Religion is a funny thing. I have nothing against God. I love God, everyone’s God. I believe in divinity and miracles. I know there is someone above who answers prayers. Point being, I love God, you call him/her by your name, I call him/her by my name. It is just his Fan club that I am having trouble with. I mean Gods come in all shape and sizes, they may have family, they may be celibate. But, they are one. However, the manner in which you worship them varies in Hinduism. The denomination is independent of religion. Considering that they are deified in human form, therefore, their worship is very different. Thus, as a man in this patriarchal misogynist society, there will be fewer restrictions placed upon you whereas as a woman you will face numerous restrictions, to the extent that some Gods will be kept virtually off limit. Because, God forbid, you as a woman may become powerful if God is happy with you and grants you your wish. It is immaterial what wish it is, however.
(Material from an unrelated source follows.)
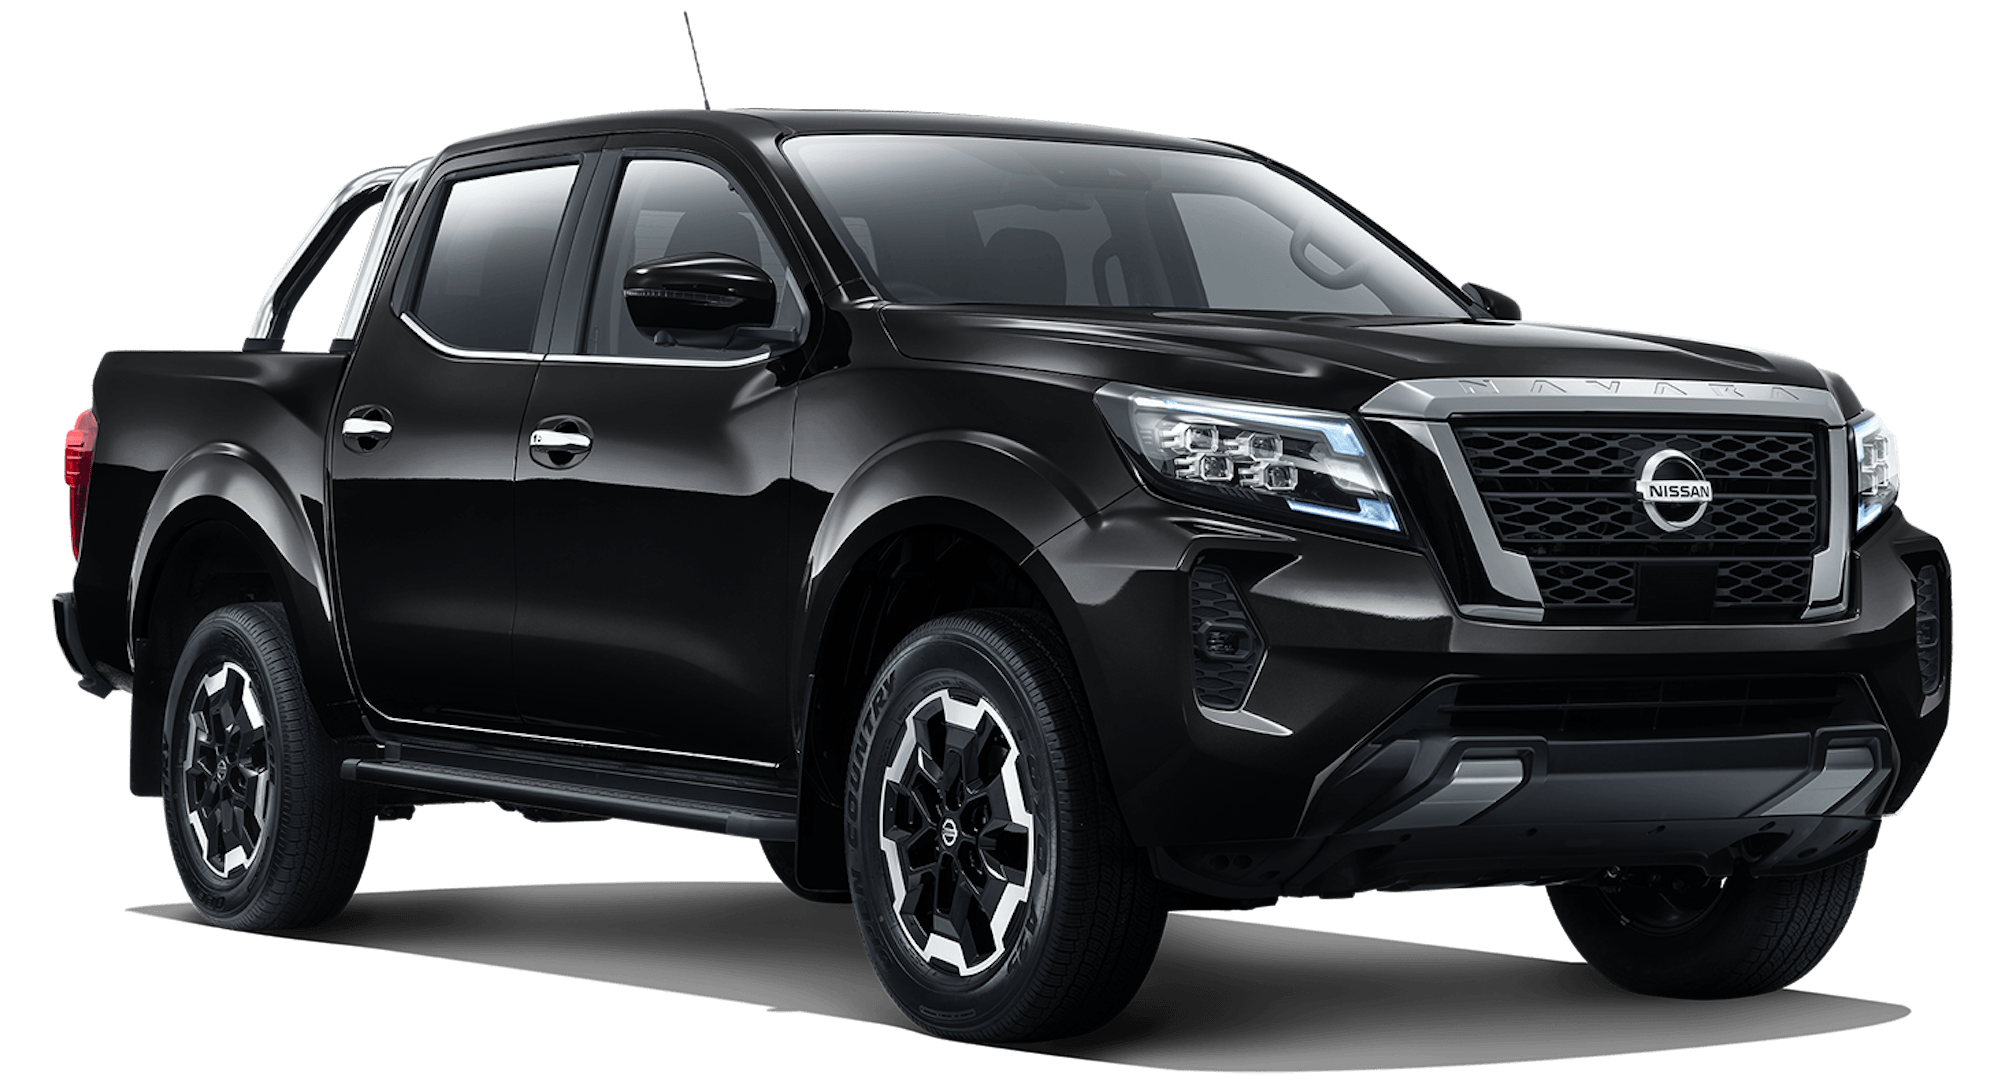 Find your best Nissan Navara finance rate with Driva
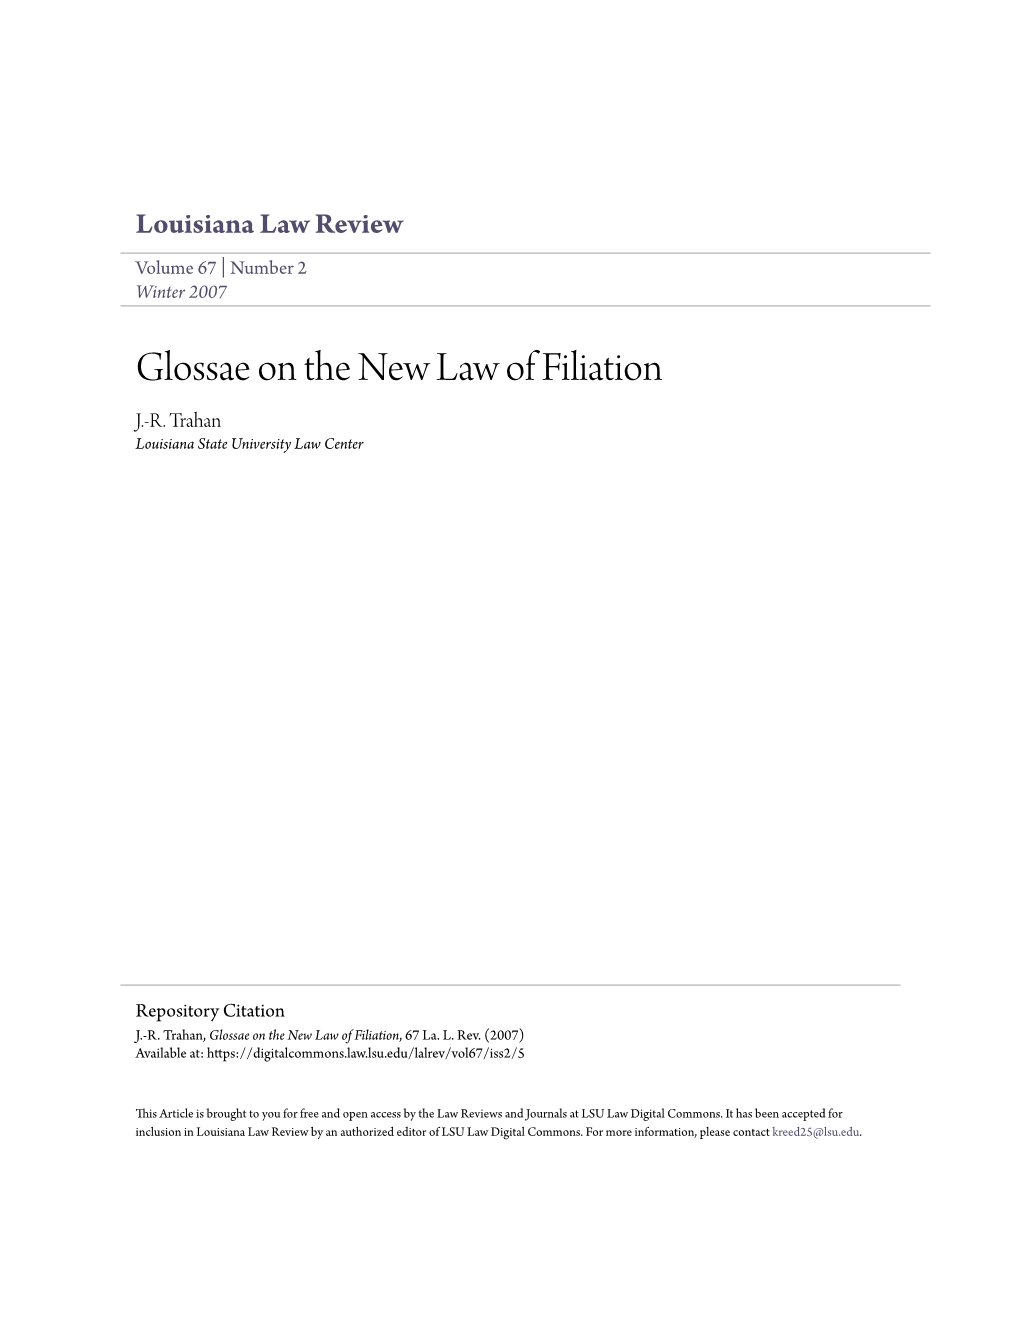 Glossae on the New Law of Filiation J.-R

I have been following Sabarimala arguments with some zealous enthusiasm. Well, you can say that the neo-feminist in me is finding it hard to digest a lot of points there. To begin with, the whole argument about a woman and her impurity being judged due to menstruation, leaves me with that sudden sinking feeling. Since childhood, we have been told that during menstruation don’t touch God, go to temple or do pooja because you will make the God impure. Primarily, the life-giving function of a woman was considered impure. She is made to feel guilty about it for her entire fertile years. And now the Hon’ble Supreme Court of India is asked to decide whether or not a woman (10-50 years of age) can enter a temple since ‘she cannot stay pure’ for all of 41 days, considering that the God is celibate.
Sometimes, the basic sense of human being is lost behind the customs that they are made to follow. I understand the connotation of customary law. But what I don’t understand is why it is necessary that such wrong customs are being argued upon in the highest Court of the country, being tested against the constitutional rights bestowed upon us. But, when you go through the arguments posed by the best lawyers in the country, the lawyer in me realizes that there is always a different way of looking at customs. Like it was submitted before the bench that not all exclusion is discrimination. I agree on that. I agree to the fact that many religions do not allow the entry of women in their place of worship, menstruating or not. Many temples in India do not allow the entry of men. In fact the menstruating Goddess Kamakhya Devi’s temple does not allow a menstruating woman.
As the arguments on Sabarimala enter seventh day before the Constitutional Bench, it is to be seen whether Lord Ayyappa as a juristic person, who pays taxes, can demand his constitutional right under Articles 21, 25 and 26? Whether the Lord has right to privacy? Whether the Essentiality test and judges assuming theological role is called for? Justice Chandrachud’s opinion that the test should be limited to a practice subscribing to the Constitution irrespective of whether it is essential or not, is the correct proposition. To sum it, Justice Nariman rightly observed, ‘You have a right, subject to other person’s right, subject to Part III and subject to laws made.’ I am waiting with bated breath on what the Constitution Bench decides. I want to know who wins, the lawyer in me or the woman in me?